Using cheap tea bags can have negative consequences for your health, according to a recent study report. The study of cheap disposable tea bags, which included products of famous brands, showed their glut of fluorides.
Which leads to an excess of the daily consumption of these compounds leading to a high risk of dental and bone diseases.
Experts have already called on manufacturers and the trading network to give correct information on packages of tea (usually, the presence of fluorides is indicated as a positive factor in the nutritional value of teas).
Professors Paul Lynch and Ardhan Mehra, with the participation of graduate student Laura Chen (all from the University of Derby), compared fluoride levels in 38 kinds of teabags. Using ion selective electrode analysis, which allows trace elements to be detected in liquids, they investigated fluoride levels.
To do this, scientists brewed tea bags for 2 minutes, and then calculated the amount of fluoride ingested from four cups of tea per day.
An adult is not recommended to consume more than 3.57 mg. fluorine per day.
However, in the study it was found that the level of fluoride in four cups of tea exceeds the daily rate by 75 -120%. On average, four cheap tea bags contained 6 mg. fluorine.
As noted by scientists, the amount of fluoride in cheap and expensive tea bags have significant differences. The pattern was preserved, both for green and black tea.
At the same time, there was less fluoride in green tea than in black tea.
On average, the difference between cheap and expensive tea bags was 3.3 mg. fluorine per liter (4 brewed package).
The less tea was subjected to industrial processing, the less fluorine it had. Such varieties as oolong (oolong) and puer (pu’er), in which tea is subjected to minimal industrial processing, the amount of fluorine is only 0.7 mg. on 1 liter.
Permanent excess of the recommended consumption of fluoride threatens a bunch of health problems.
Do not forget that, in addition to tea, significant concentrations of fluoride are contained in seafood, some sources of drinking water, toothpaste, etc. The smallest of the evils that are threatened with an excess of this trace element is dental fluorosis – the appearance of white and brown spots on the enamel of the teeth.
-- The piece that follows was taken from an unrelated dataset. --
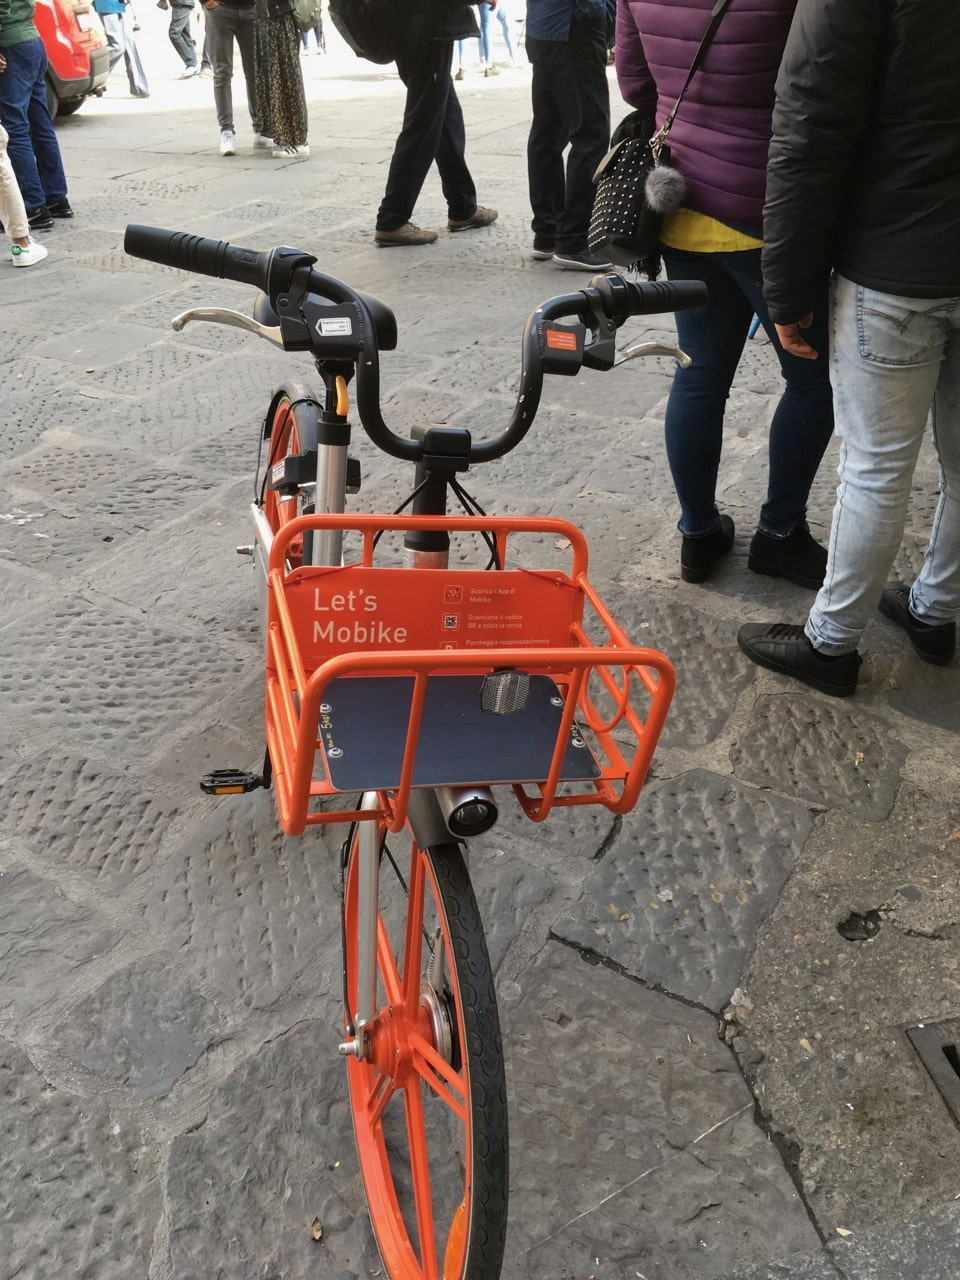 惊现摩拜共享自行车,好亲切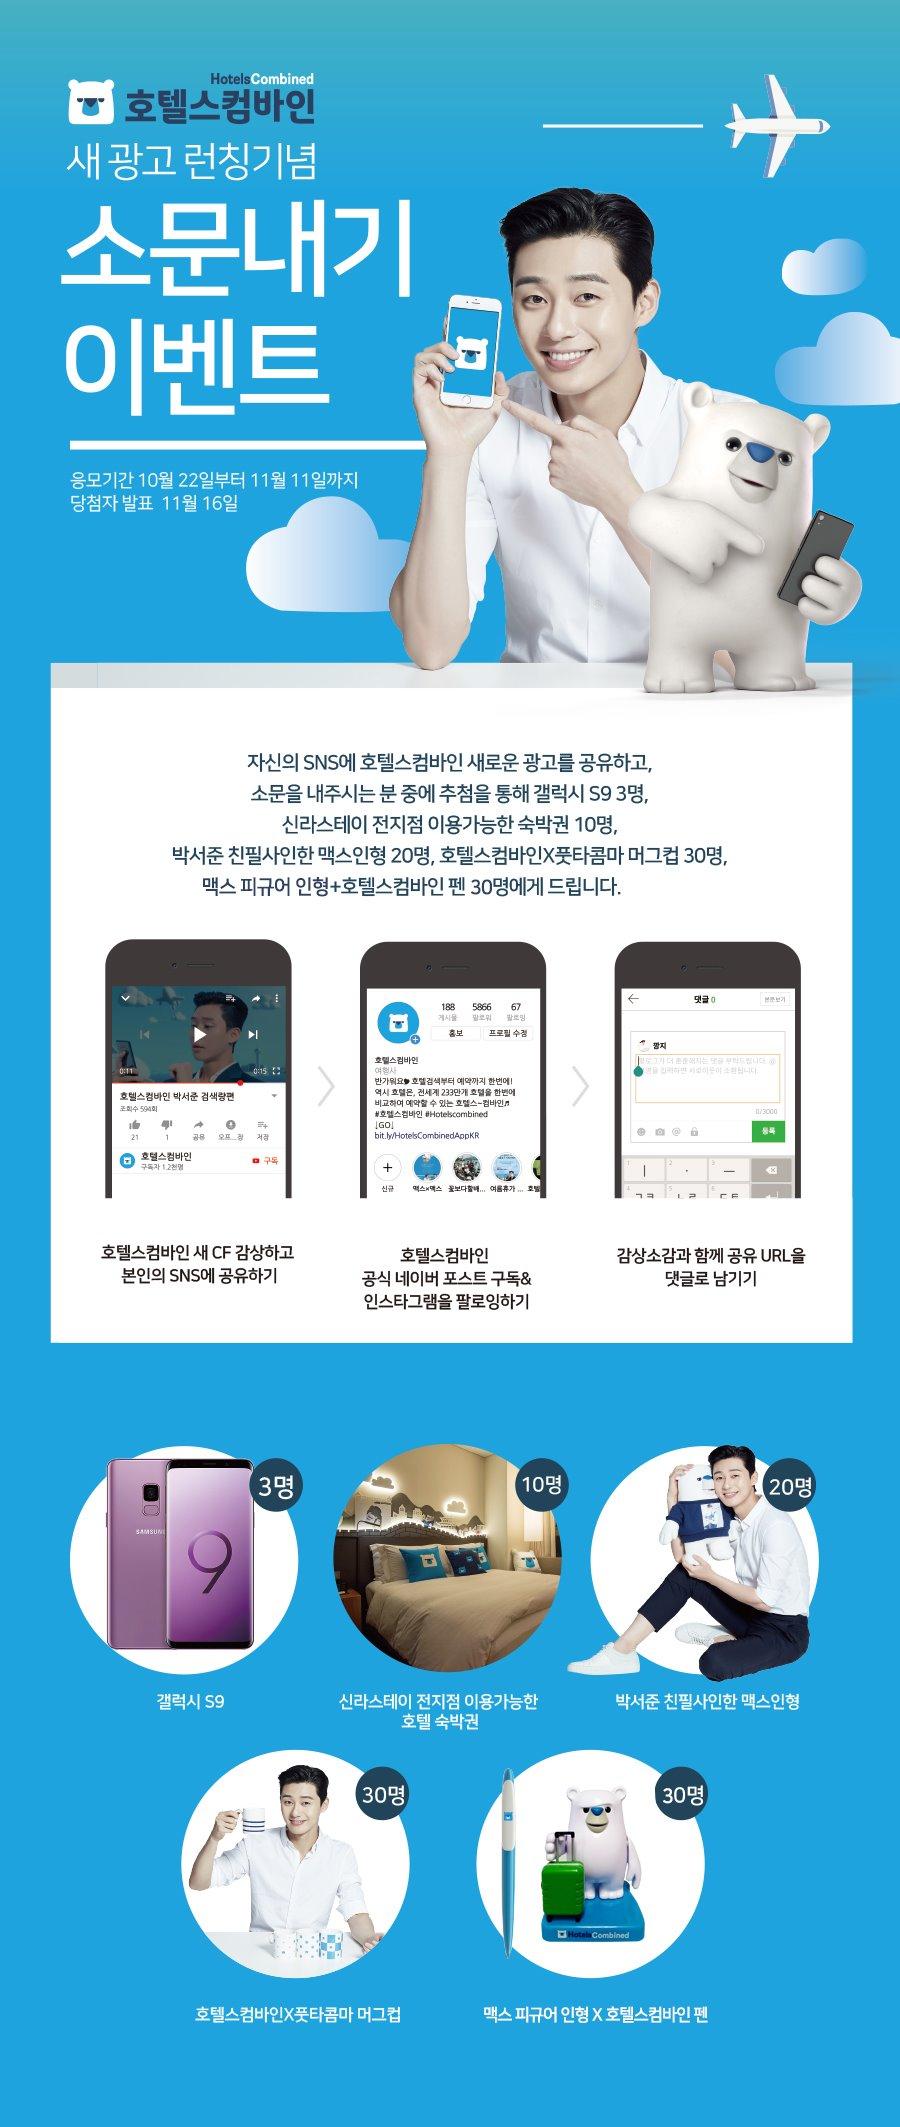 호텔스컴바인X박서준 새광고 런칭기념 소문내기 이...

This is also the first sign of excessive fluoride intake.
More dangerous consequences – skeletal fluorosis – a disease that causes muscle weakness, gastrointestinal disorders, pain in bones and joints.
Skeleton fluorosis usually occurs when consumed from 10 mg. fluoride in knocks for over 10 years, or 2.5 -5 mg. for 40 years.
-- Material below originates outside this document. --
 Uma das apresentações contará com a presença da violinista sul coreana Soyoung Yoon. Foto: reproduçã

Increased fluoride intake is also associated with the risk of osteoporosis, an increased risk of kidney stones (a characteristic disease for people living in areas with drinking water fluoride).
Fluorine affects the development of bone cancer in young people. A 1992 study showed that the risk of osteosarcoma is 6.57 times higher in people who drink fluoride water.
"The mature leaves of the tea plant have the ability to accumulate fluoride," says Laura Chen. “For expensive teas, buds and young leaves are used, while the cheaper tea is, the more mature the leaves are.”
“Although fluoride is one of the most important microelements for health, it is involved in bone growth and prevention of caries, but its excess threatens to have disastrous consequences. People who consume cheap tea in bags, in addition to other sources of fluorine, receive lethal doses of microelement threatening health in the long term. "
The results of the study were published in the Journal of International Food Research (Food Research International).